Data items
┏━━

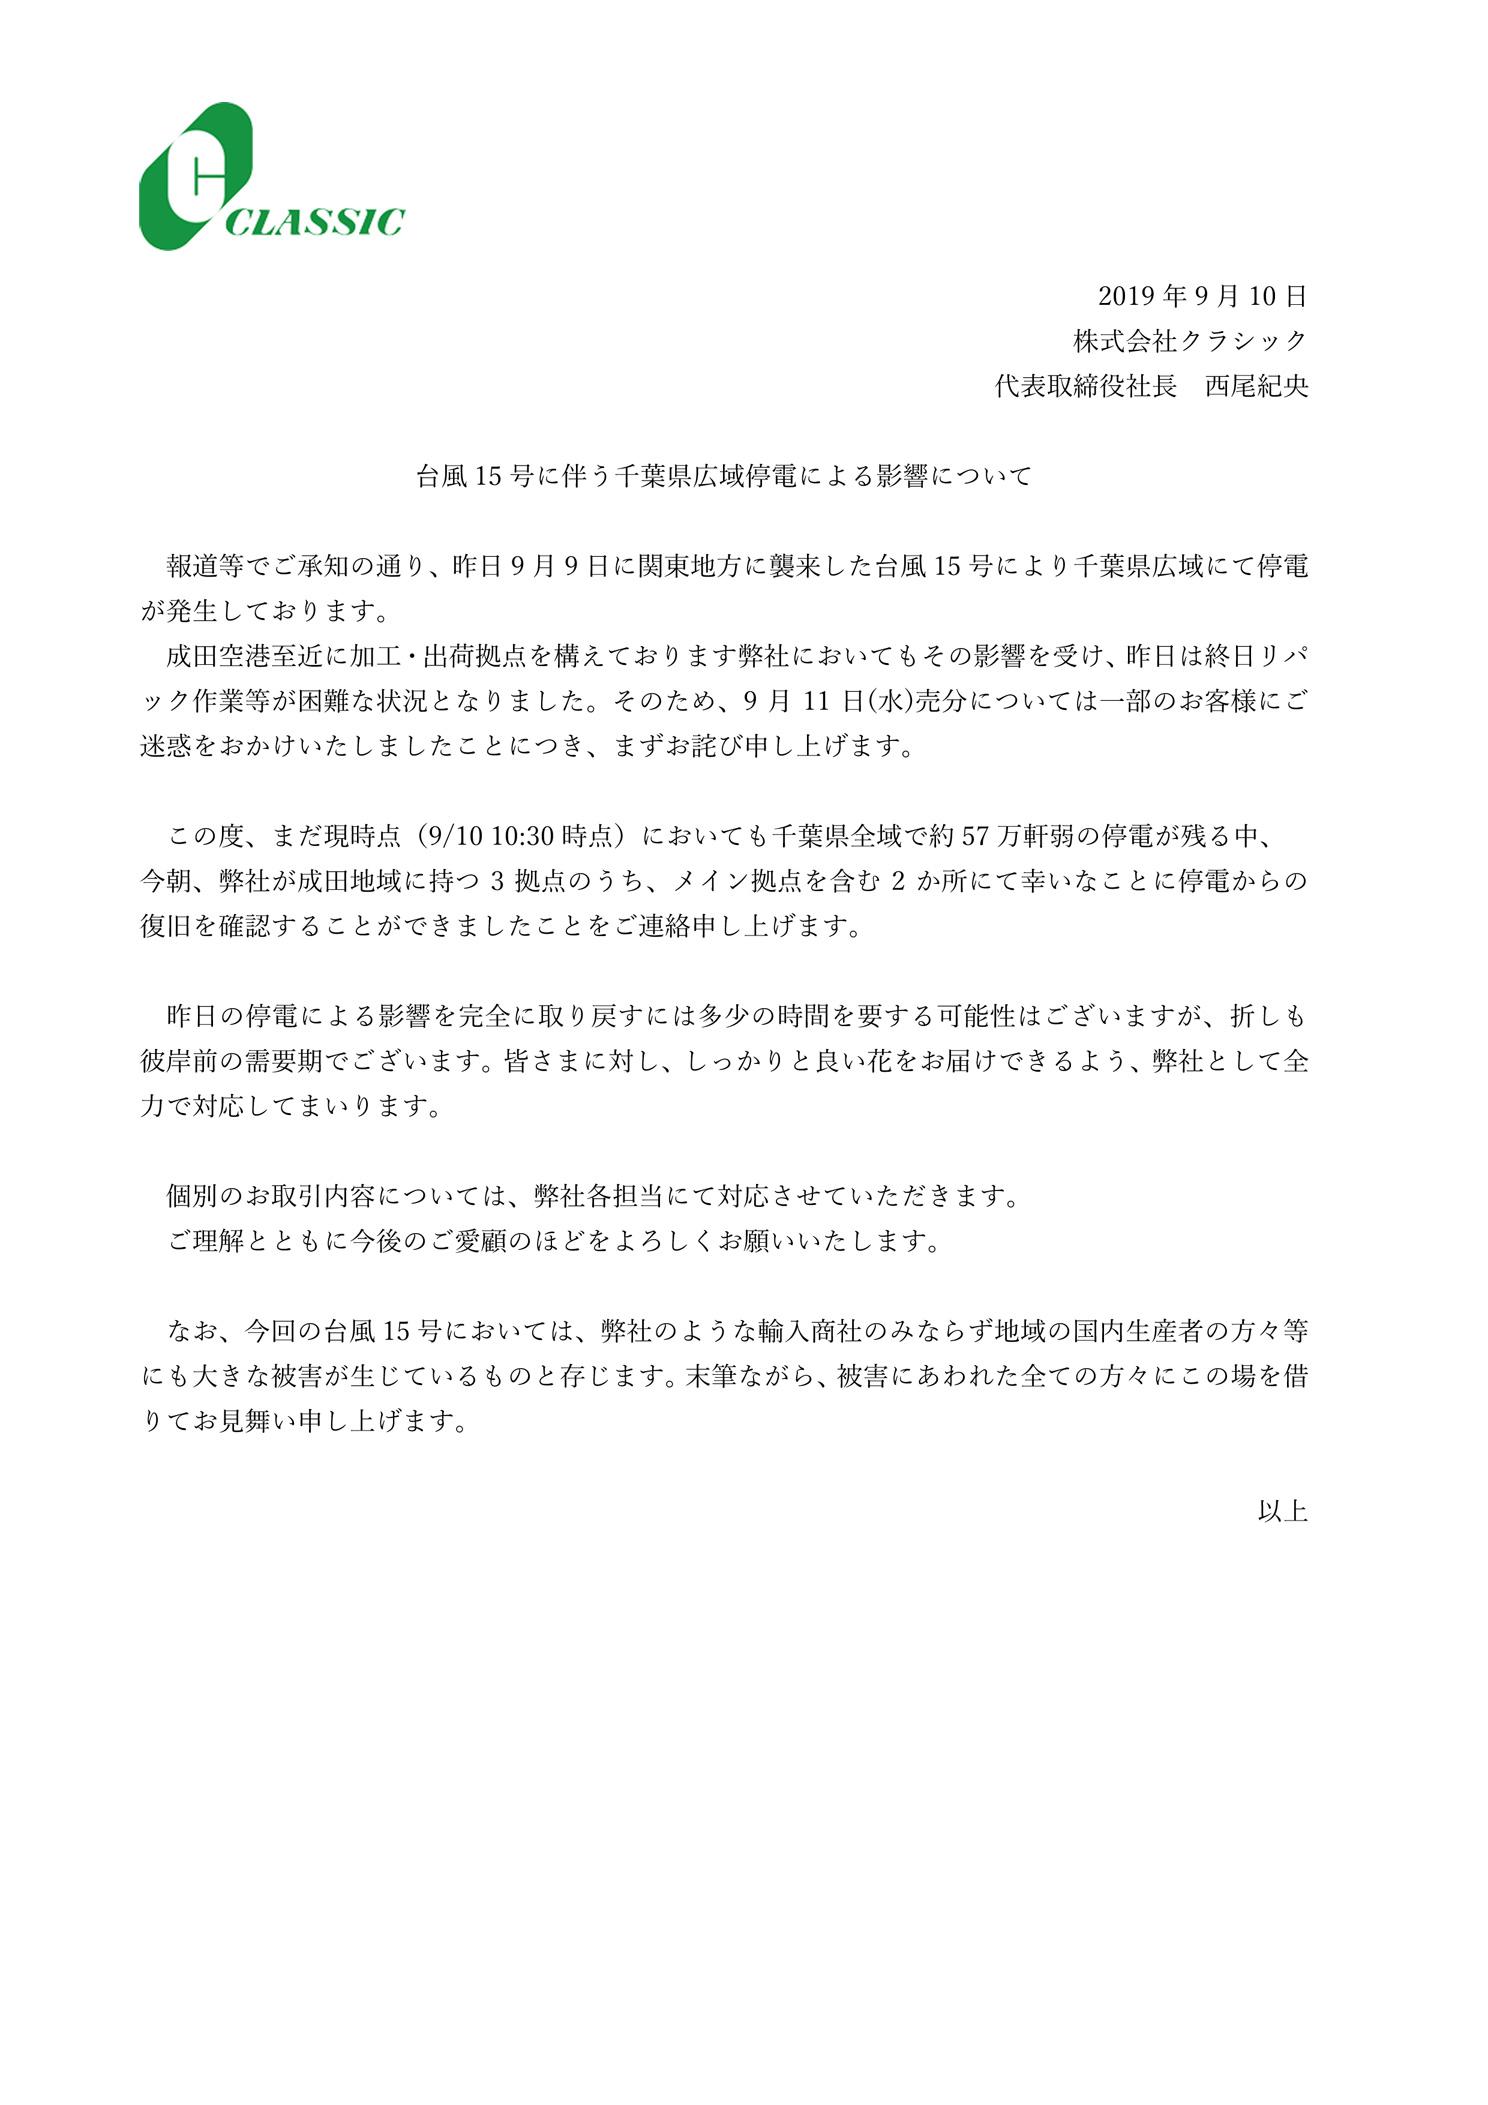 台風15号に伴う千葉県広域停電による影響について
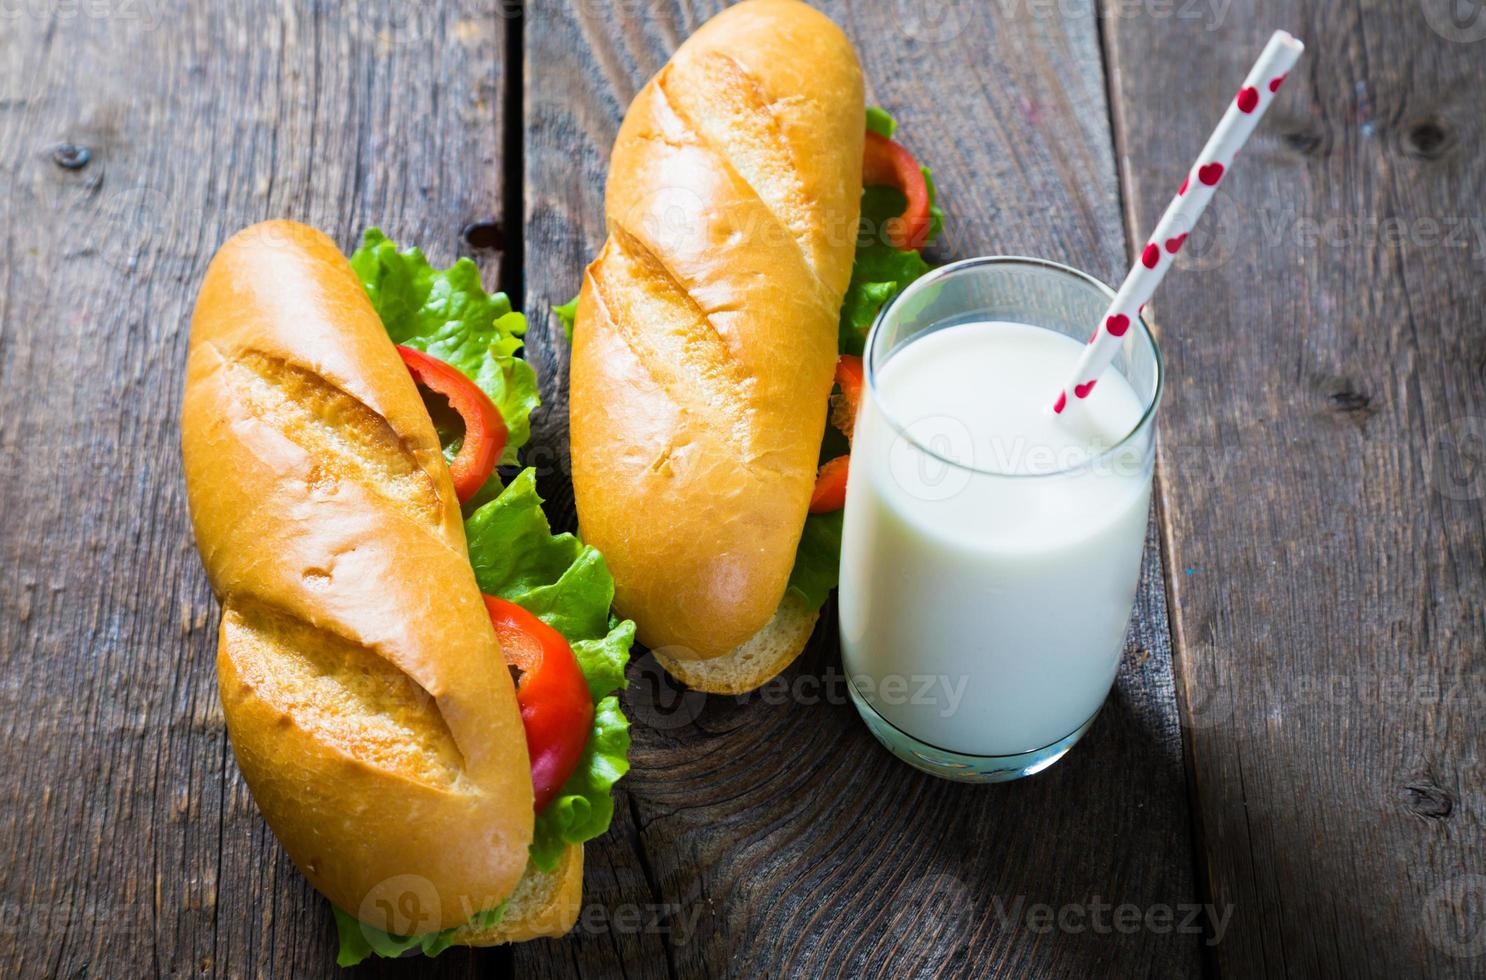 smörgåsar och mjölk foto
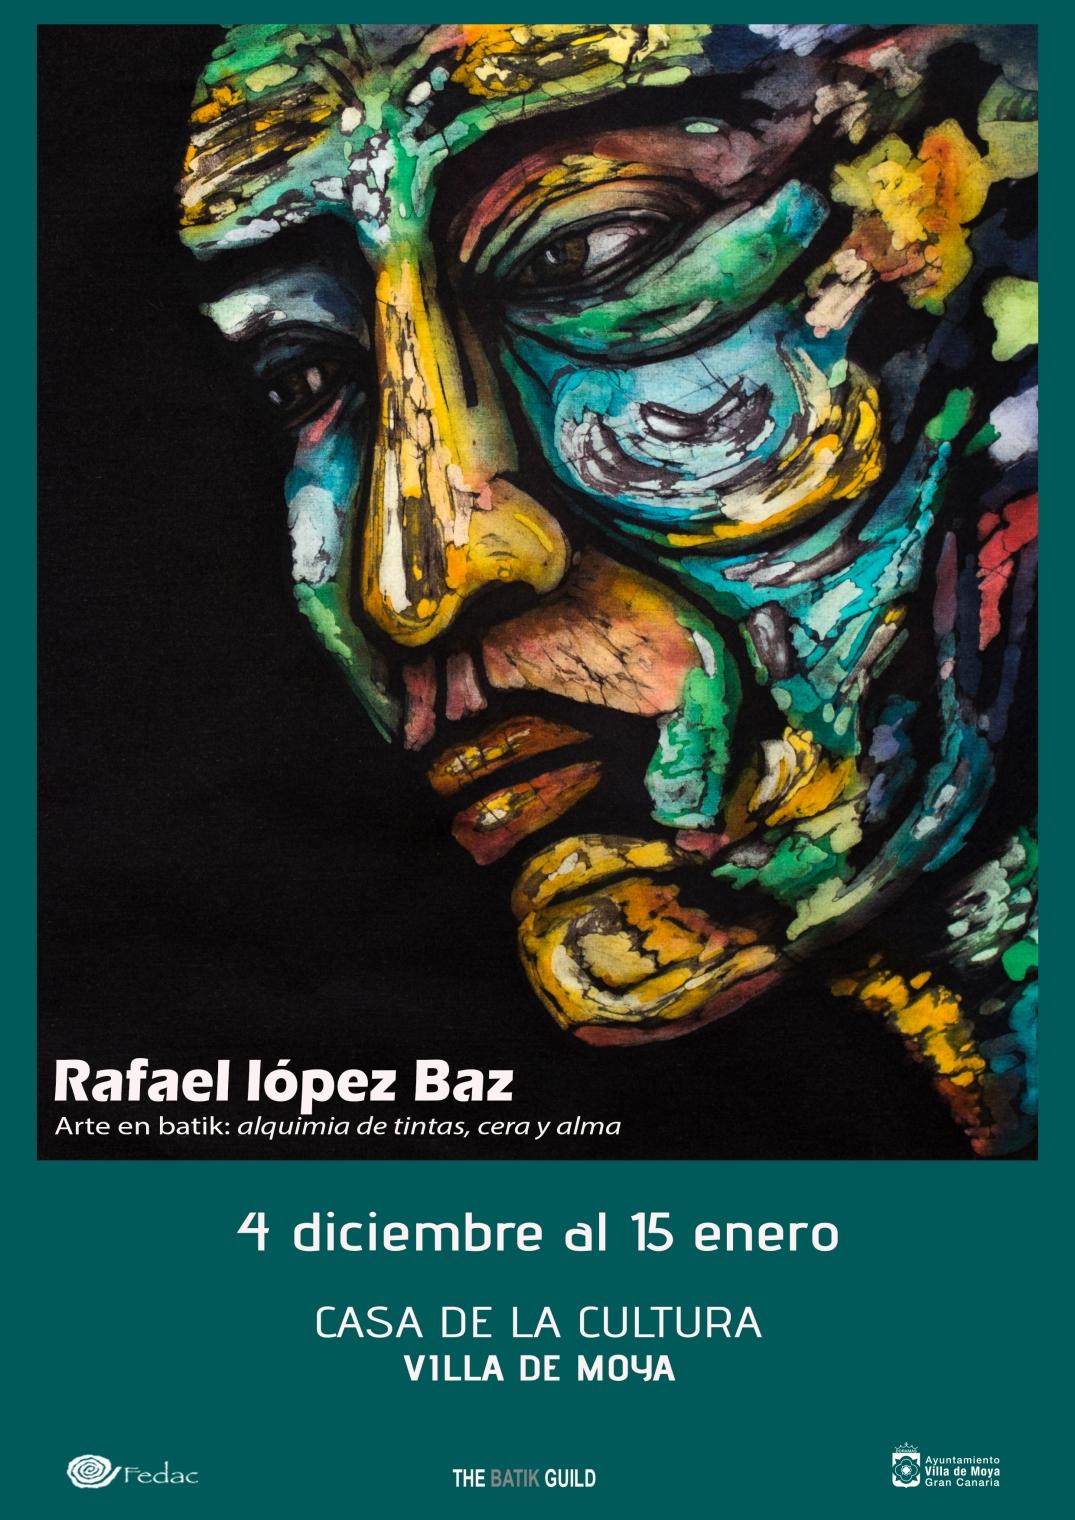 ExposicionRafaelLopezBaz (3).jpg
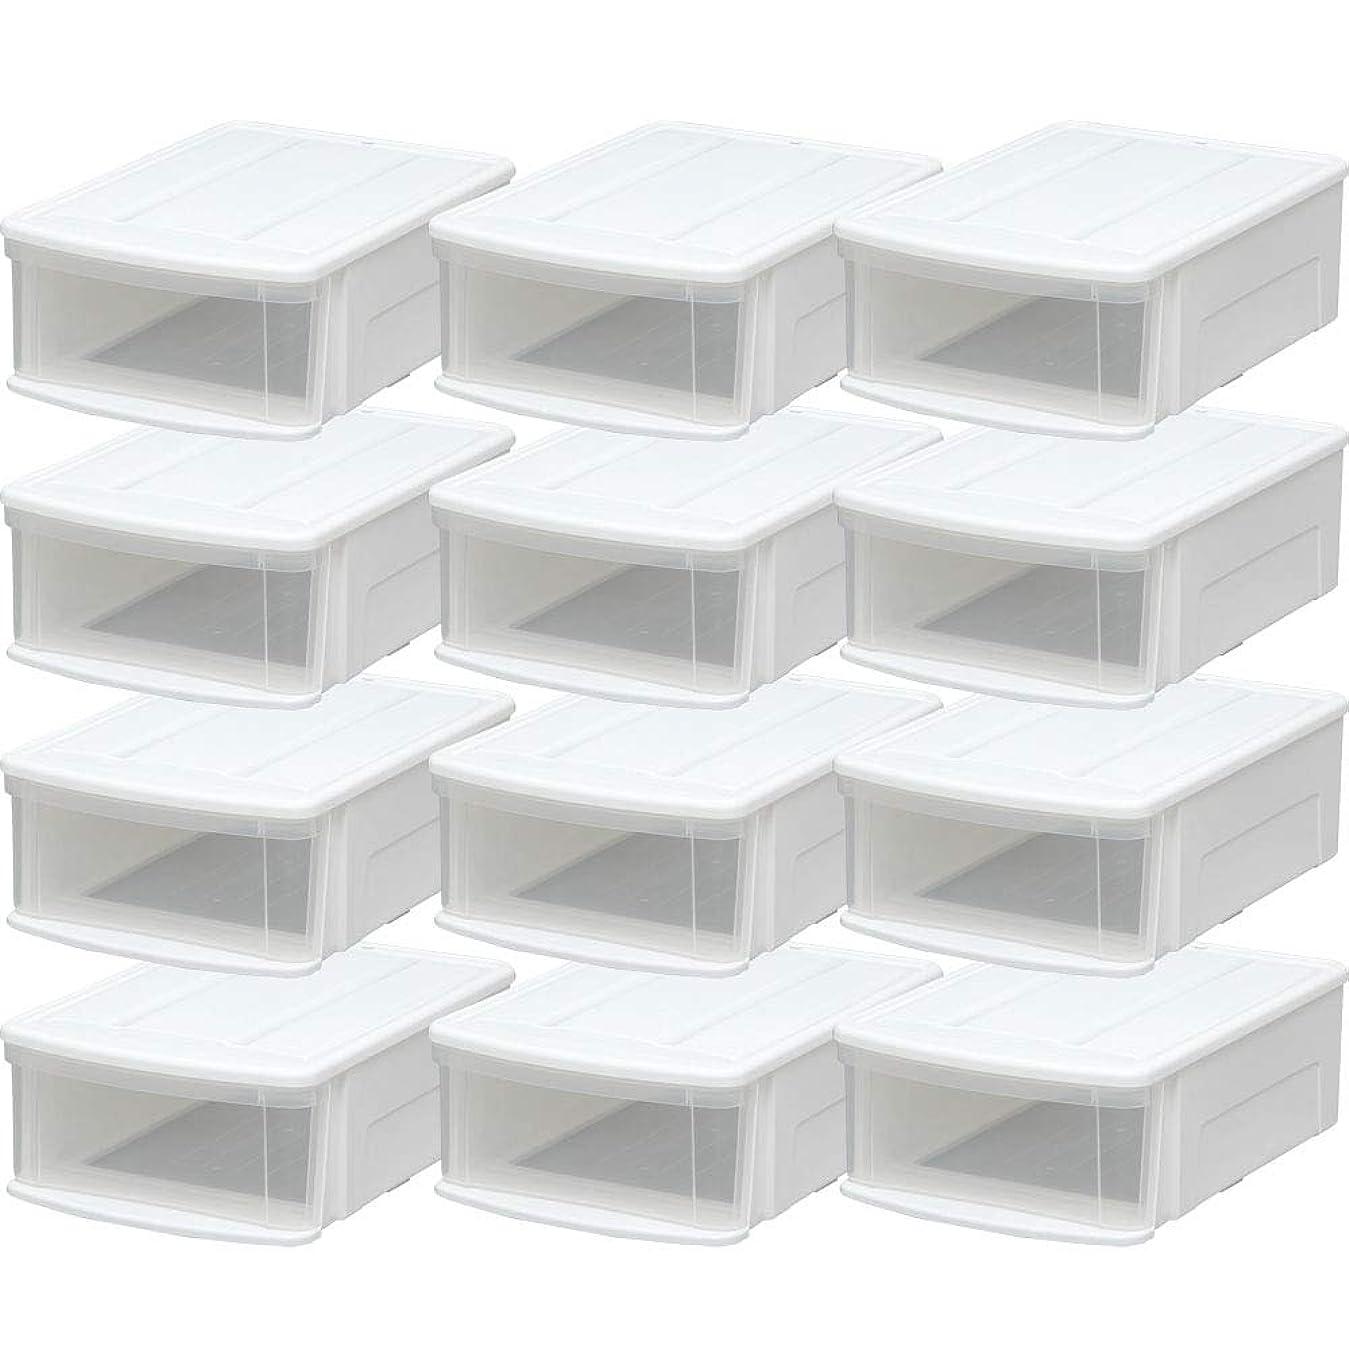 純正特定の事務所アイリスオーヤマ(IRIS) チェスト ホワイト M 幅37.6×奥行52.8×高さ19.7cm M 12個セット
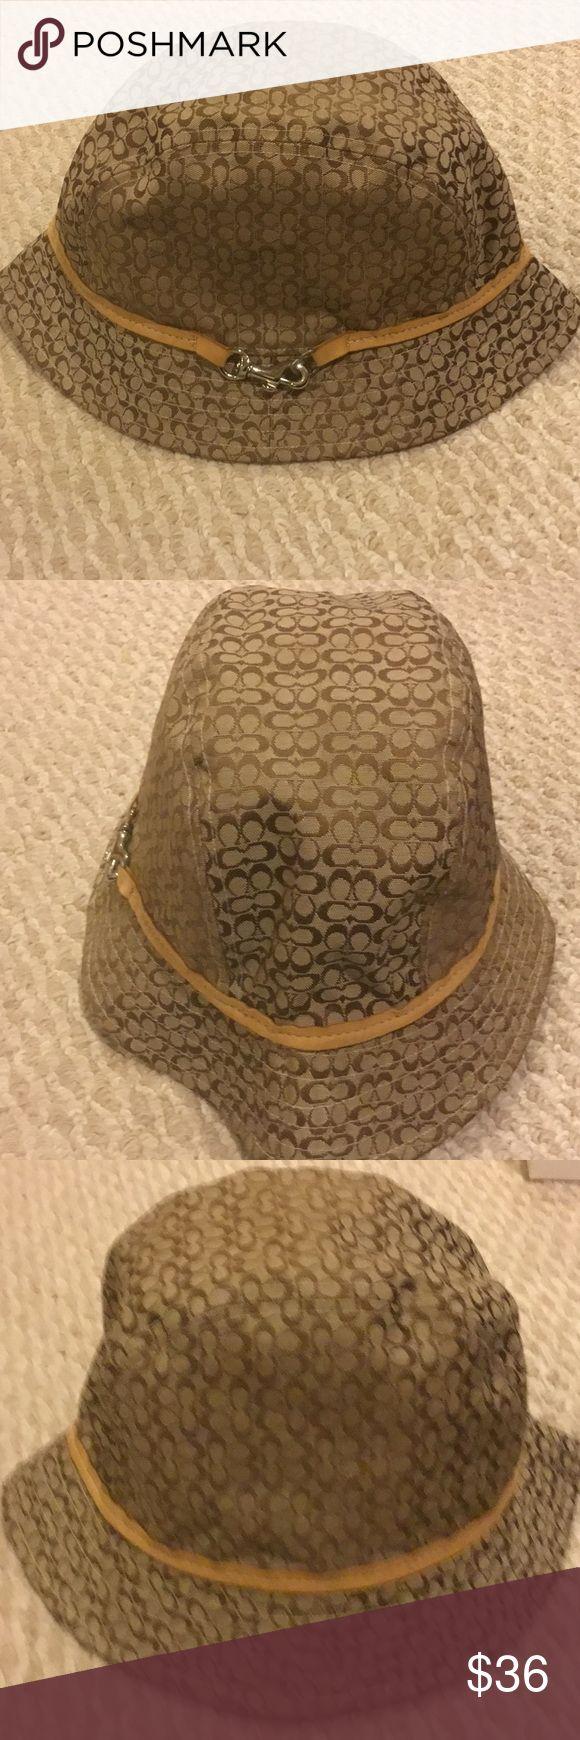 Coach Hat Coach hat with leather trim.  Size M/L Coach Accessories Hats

┗━━

### Work to be completed:
After locating the line with "純正特定の事務所アイリスオーヤマ(IRIS) チェスト ホワイト", transcribe it and the rest of the data above exactly as written, without any picture.

### Result of the task:
 純正特定の事務所アイリスオーヤマ(IRIS) チェスト ホワイト M 幅37.6×奥行52.8×高さ19.7cm M 12個セット
 Coach Hat Coach hat with leather trim.  Size M/L Coach Accessories Hats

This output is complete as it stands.